We used high-resolution tiling microarrays and 5' RNA sequencing to identify transcripts in Desulfovibrio vulgaris Hildenborough, a model sulfate-reducing bacterium. We identified the first nucleotide position for 1,124 transcripts, including 54 proteins with leaderless transcripts and another 72 genes for which a major transcript initiates within the upstream protein-coding gene, which confounds measurements of the upstream gene's expression. Sequence analysis of these promoters showed that D. vulgaris sigma70 prefers a different -10 box and -35 box than Escherichia coli sigma does. 549 transcripts ended at intrinsic (rho-independent) terminators, but most other transcripts seemed to have variable ends. We found low-level antisense expression of most genes, and the 5' ends of these transcripts mapped to promoter-like sequences. Because antisense expression was reduced for highly-expressed genes, we suspect that elongation of non-specific antisense transcripts is suppressed by transcription of the sense strand.
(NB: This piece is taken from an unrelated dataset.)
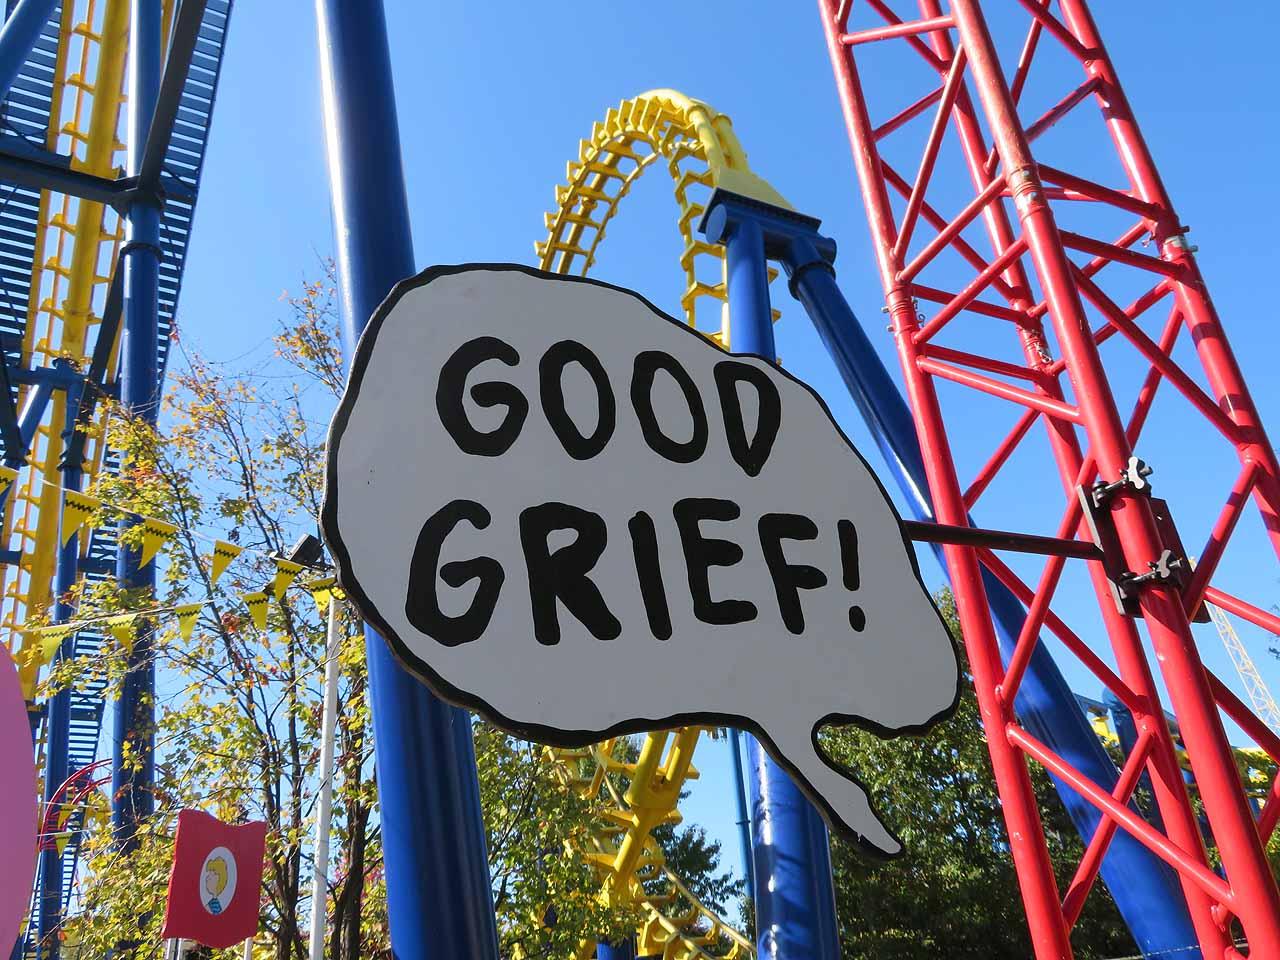 Carowinds Calendar 2022.Carowinds Kings Dominion Valleyfair California S Great America To Remain Closed For 2020 More Cedar Fair Updates Coaster101

Finally, we combined the transcripts with comparative analysis and proteomics data to make 505 revisions to the original annotation of 3,531 proteins: we removed 255 (7.5%) proteins, changed 123 (3.6%) start codons, and added 127 (3.7%) proteins that were missed. Tiling data had higher coverage than shotgun proteomics and hence led to most of the corrections, but many errors probably remain. Our data are available at http://genomics.lbl.gov/supplemental/DvHtranscripts2011/.

Freely available at JB (or see older version)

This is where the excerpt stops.